The national and city government has only made one offer to the workers, technical assistance from the National Industrial and Technical Institute if the workers form a microenterprise or cooperative. This offer does not guarantee any means for the workers to continue production. Essentially, it promises the workers what they already have-the know how to run a factory.

While the government is trying to appear generous and willing to negotiate, it uses brutal force in the continued eviction of the workers. Nestor Kirchner, Argentina’s new president promises to continue with the politics of creating security–more police force and zero tolerance for protesters. Increasingly, the government’s position is to use repression to debilitate the expressions of social resistance that emerged from December 19 and 20, 2001.

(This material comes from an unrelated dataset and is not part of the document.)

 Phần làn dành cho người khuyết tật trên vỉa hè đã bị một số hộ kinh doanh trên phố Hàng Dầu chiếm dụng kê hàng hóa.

While police continue to stand outside the factory, workers and supporters continue fighting, setting up permanent camp outside the factory and organizing cultural events. Weekly, workers have brought sewing machines into the streets, producing sheets and clothes for donation. All hope is being put towards the city legislature deciding a law to expropriate of the factory’s machines and building. Sasetru, another worker operated factory, was evicted after machines were legally expropriated to the workers, bringing many doubts in the case of Brukman. Flor, another worker reflects the urgency to recuperate the factory, "We are not going to leave this struggle, because if we don’t enter the factory we are nothing."